To conduct analyses on the above 3 patterns, 2,3,4,7,8-PeCDF, PCB and PCQ blood concentrations were added to the explanatory variables. SPSS11.5J for Windows was used for the analyses.
Results
2,3,4,7,8-PeCDF blood concentration as an objective variable, PCB and PCQ blood concentrations, blood glucose level, arthralgia, gender, total bilirubin, black comedones, acneform eruption, past history of skin pigmentation and acneform eruption, increased A/G ratio, abnormal respiratory sounds, blood potassium level, and total cholesterol showed less than a 0.05 level of significance. Most of these items are considered characteristic symptoms of Yusho. Even when PCB and PCQ blood concentrations are excluded from the explanatory variables, older age, A/G ratio, general fatigue, arthralgia, gender and oral pigmentation showed less than a 0.05 level of significance.
In contrast, when 49 factors were extracted by the principal component analysis (PCB and PCQ as objective variables, 2,3,4,7,8-PeCDF blood concentration as an explanatory variable), PCQ and PCB blood concentrations, arthralgia, presence or absence of previous history since 1968, A/G ratio and blood glucose level indicated a significance probability of ≤ 0.05 for the 2,3,4,7,8-PeCDF blood concentration. (Table 4)
Table 4.
Results of logistic regression analysis(2,3,4,7,8-PeCDF blood level as an objective variable)

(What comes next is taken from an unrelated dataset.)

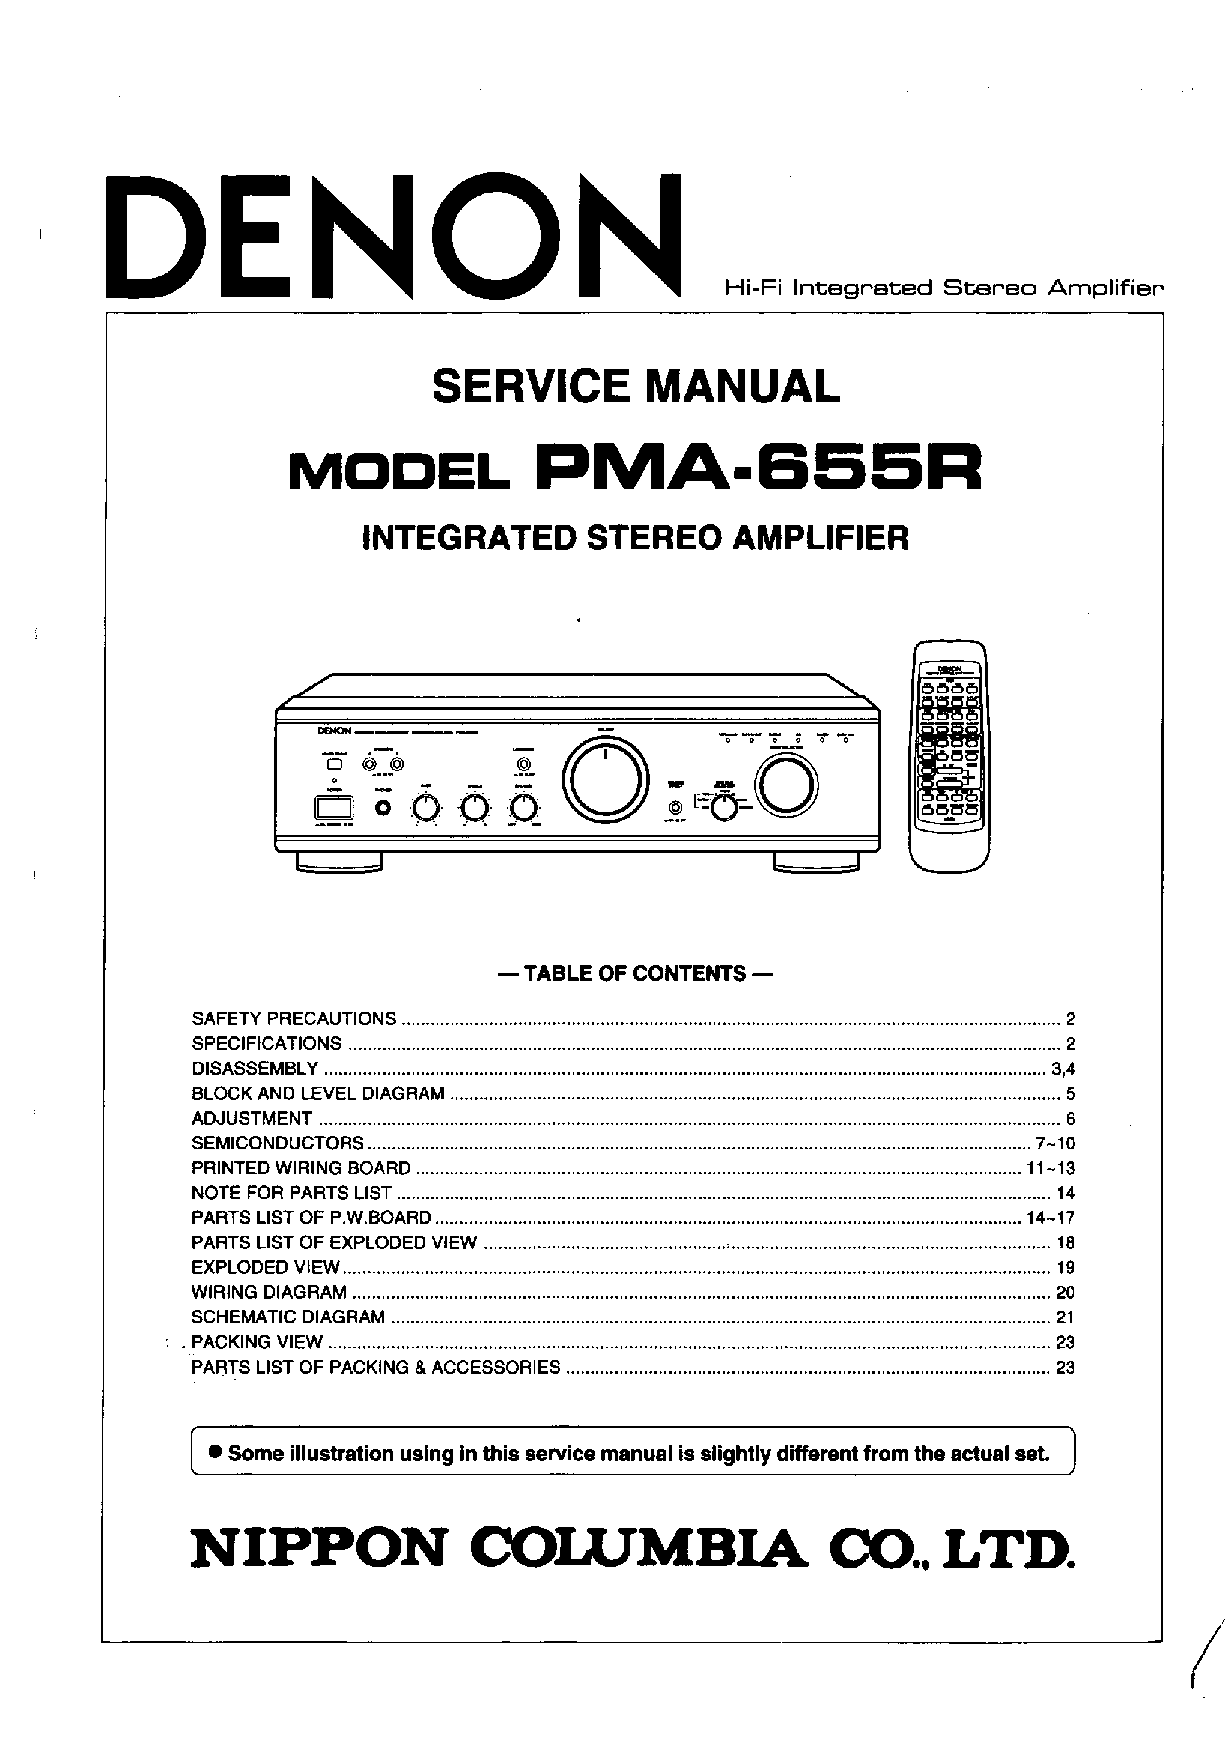 Denon PMA-655R Service Manual

List of explanatory variables which showed less than 0.10 level of significance when 2,3,4,7,8-PeCDF blood level (2 categories) and the factors selected by the principal components analysis were used as objective variables and explanatory variables, respectively | ||||||
Explanatory variables | β | Standard deviation | Wald | Significance probability | Exp (B) | |
1 | PCB blood level | 1.641 | 0.355 | 21.350 | 0.00000** | 5.159 |
2 | PCQ blood level | 8.235 | 1.844 | 19.949 | 0.00001** | 3771.361 |
3 | Blood sugar (increase) | 0.038 | 0.011 | 11.310 | 0.00077** | 1.038 |
4 | Arthralgia | 3.734 | 1.159 | 10.382 | 0.00127** | 41.857 |
5 | Gender (female) | 3.456 | 1.115 | 9.605 | 0.00194** | 31.679 |
6 | T-bilirubin (increase) | -3.310 | 1.194 | 7.681 | 0.00558** | 0.037 |
7 | Black comedones (face) | -2.216 | 0.836 | 7.021 | 0.00806** | 0.109 |
8 | Past history of skin pigmentation | 3.576 | 1.435 | 6.209 | 0.01271** | 35.735 |
9 | A/G ratio (decrease) | 1.978 | 0.825 | 5.748 | 0.01651** | 7.225 |
10 | Acneform eruptions (trunk) | 3.809 | 1.650 | 5.331 | 0.02095** | 45.088 |
11 | Respiratory sounds (abnormal) | 6.036 | 2.780 | 4.714 | 0.02991** | 418.145 |
12 | Acneform eruptions (other sites) | -5.514 | 2.721 | 4.107 | 0.04270** | 0.004 |
13 | Potassium level (increase) | -1.849 | 0.917 | 4.071 | 0.04361** | 0.157 |
14 | Past history of acneform eruptions | -2.630 | 1.304 | 4.065 | 0.04378** | 0.072 |
15 | Total cholesterol (increase) | -0.023 | 0.011 | 3.910 | 0.04799** | 0.978 |
16 | Heart sound (abnormal) | 13.341 | 7.892 | 2.857 | 0.09096* | 621883.792 |
List of explanatory variables which showed less than 0.10 level of significance when PCB and PCQ blood levels were excluded from the explanatory variables in the above analysis | ||||||
Explanatory variables | β | Standard deviation | Wald | Significance probability | Exp (B) | |
1 | Past history of pigmentation | 1.719 | 0.445 | 14.943 | 0.00011** | 5.582 |
2 | Age (old) | 0.053 | 0.014 | 13.637 | 0.00022** | 1.055 |
3 | A/G ratio (decrease) | 0.723 | 0.336 | 4.646 | 0.03113** | 2.061 |
4 | General fatigue | -0.652 | 0.304 | 4.593 | 0.03211** | 0.521 |
5 | Arthralgia | 0.633 | 0.299 | 4.478 | 0.03433** | 1.884 |
6 | Gender (female) | 0.615 | 0.334 | 3.390 | 0.06558* | 1.850 |
7 | Pigmentation of the right buccal mucosa (band-like) | 2.596 | 1.422 | 3.332 | 0.06793* | 13.416 |
* P < 0.10, ** P < 0.05
PCB blood level as an objective variable, 2,3,4,7,8-PeCDF blood concentration, sputum, age, female gender, past history of pigmentation and acneform eruption, toe nail pigmentation, hepatomegaly, headache, cheesy secretion from meibomian glands, total bilirubin, and general fatigue showed less than a 0.05 level of significance. When 2,3,4,7,8-PeCDF blood concentration was excluded from the explanatory variables, age, sputum, past history of pigmentation, total bilirubin, PCQ blood concentration, toe nail pigmentation, arthralgia, presence of a chief dental complaint, headache, and cheesy secretion from meibomian glands were significantly correlated with PCB blood concentrations.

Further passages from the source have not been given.